Ankara became a sworn enemy of Damascus when it began backing rebel efforts to topple President Bashar al-Assad at the start of the Syrian civil war 12 years ago.

But Turkish President Recep Tayyip Erdoğan — who called Assad a “terrorist” in 2017 — has opened up to the idea of meeting the Syrian leader.

Erdoğan has suggested that the talks between the defense chiefs be followed up by a meeting between the foreign ministers that could set up a potential presidential summit.

Çavuşoğlu said he expects to meet his Syrian counterpart Faisal Mekdad in Moscow in the second half of January.

But Assad’s regime appears cool to Erdoğan’s outreach efforts.

‘Extended hand’

Some analysts believe that Assad will not agree to meet Erdoğan before Turkey holds a general election — now scheduled for no later than June.

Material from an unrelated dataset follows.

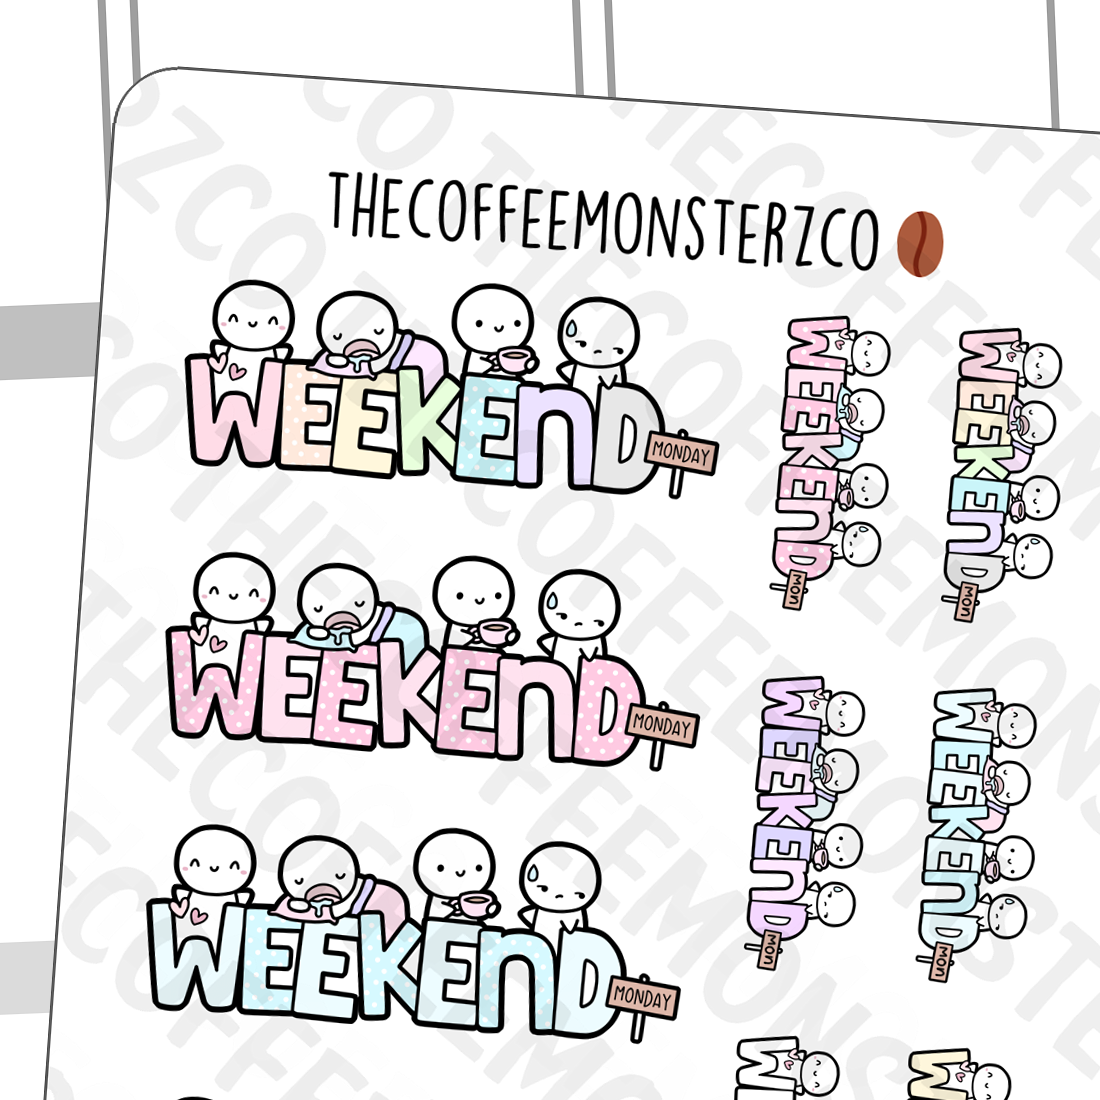 A Very Short Weekend! Emoti Weekend Banner - TheCoffeeMonsterzCo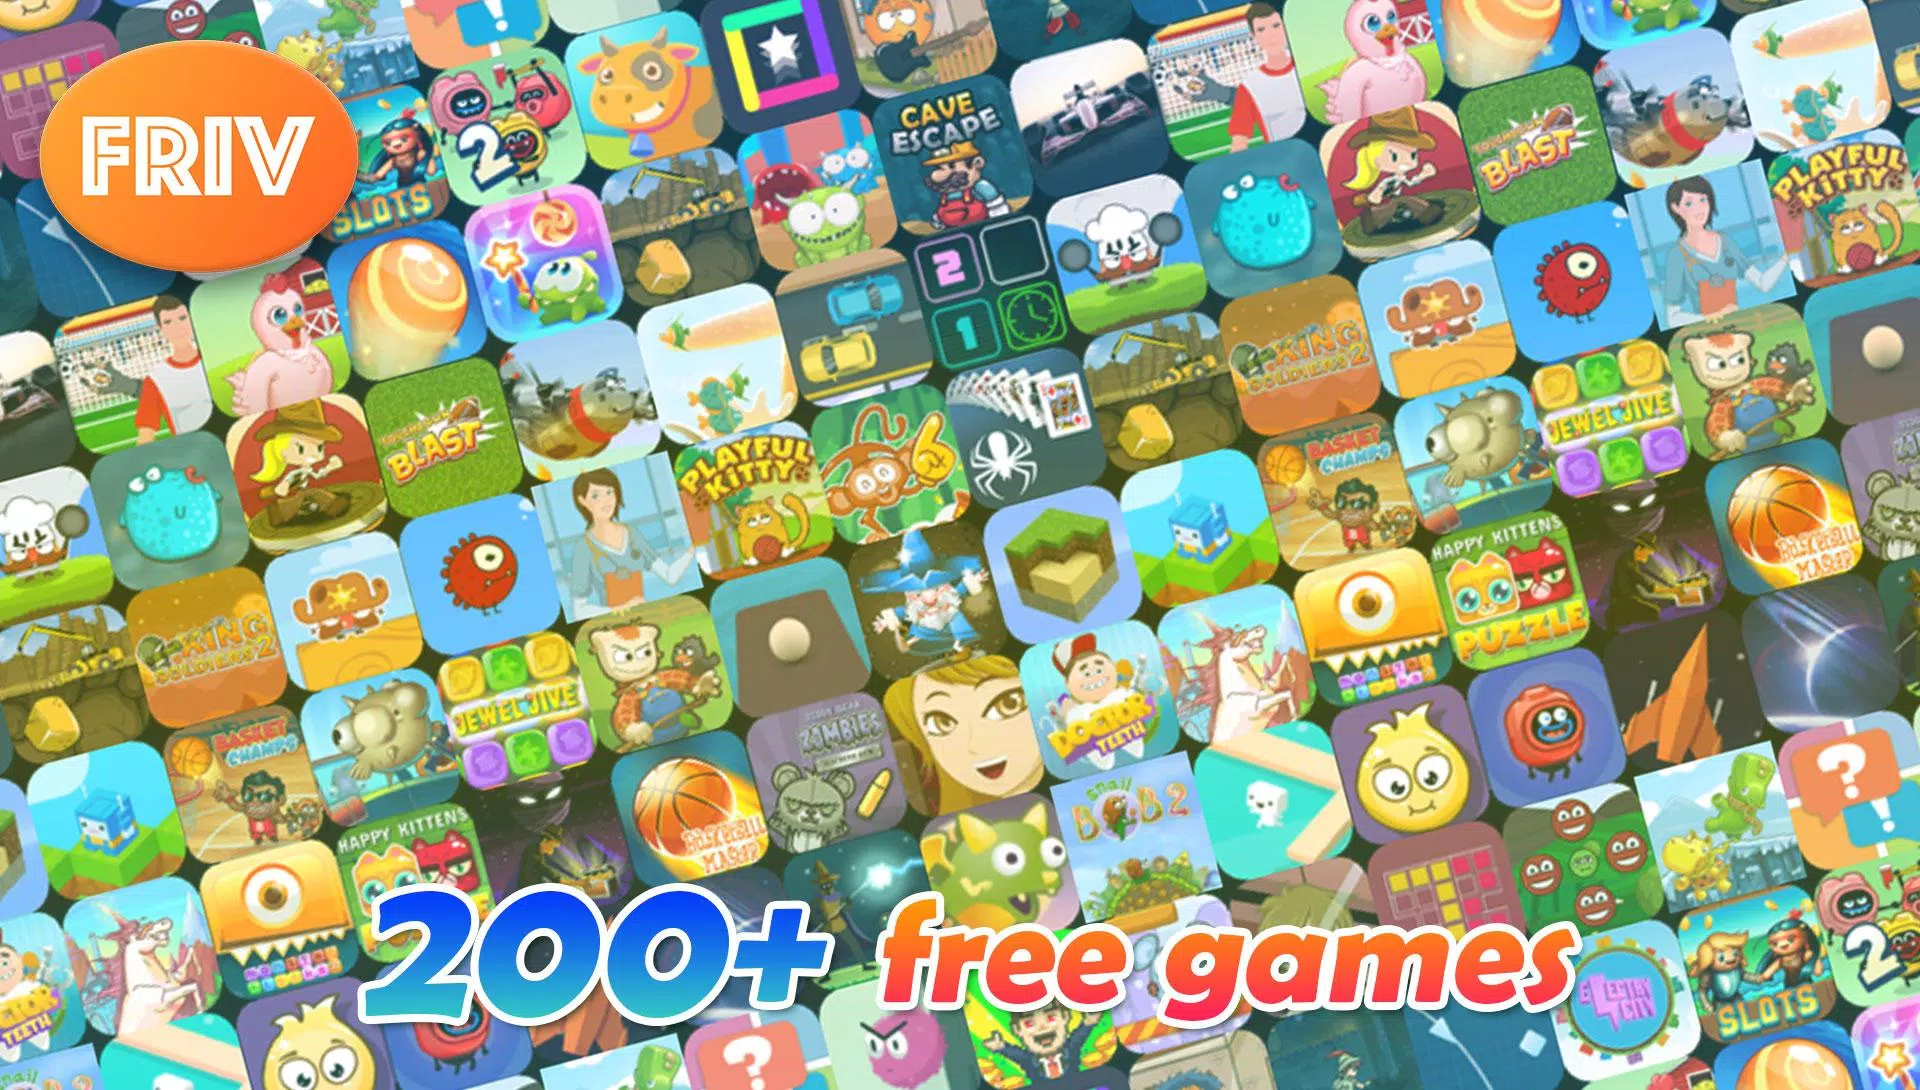 Hago- Festa, Conversa, Jogos – Apps no Google Play

Erdoğan’s foreign policy adviser İbrahim Kalın said it was “too early to say right now” when the two presidents might meet.

“How all of this unfolds depends on the regime’s attitude,” Kalın told NTV television.

“Turkey has extended its hand. We do not think that they will leave this hand hanging.”

Erdoğan’s hopes for talks with Assad follow calls from Turkey’s main opposition party for Ankara to pull back its troops from Syria and make peace with Damascus.

The opposition is pressing Erdoğan to speed up the “voluntary” return of nearly four million Syrians who fled the fighting to Turkey.

Anti-refugee sentiments are running high in Turkey ahead of the election and Erdoğan has hardened his once-accepting stance towards people displaced by war.

Kalın confirmed that Ankara was now pressing Damascus “to take steps for the return of refugees and the humane treatment of displaced Syrians.”

The mooted reconciliation has alarmed Syrian opposition leaders and supporters who reside mostly in parts of the war-torn country under Ankara’s indirect control.

It has also caused concern in Washington, but won strong backing in Moscow — the main military backer of Assad.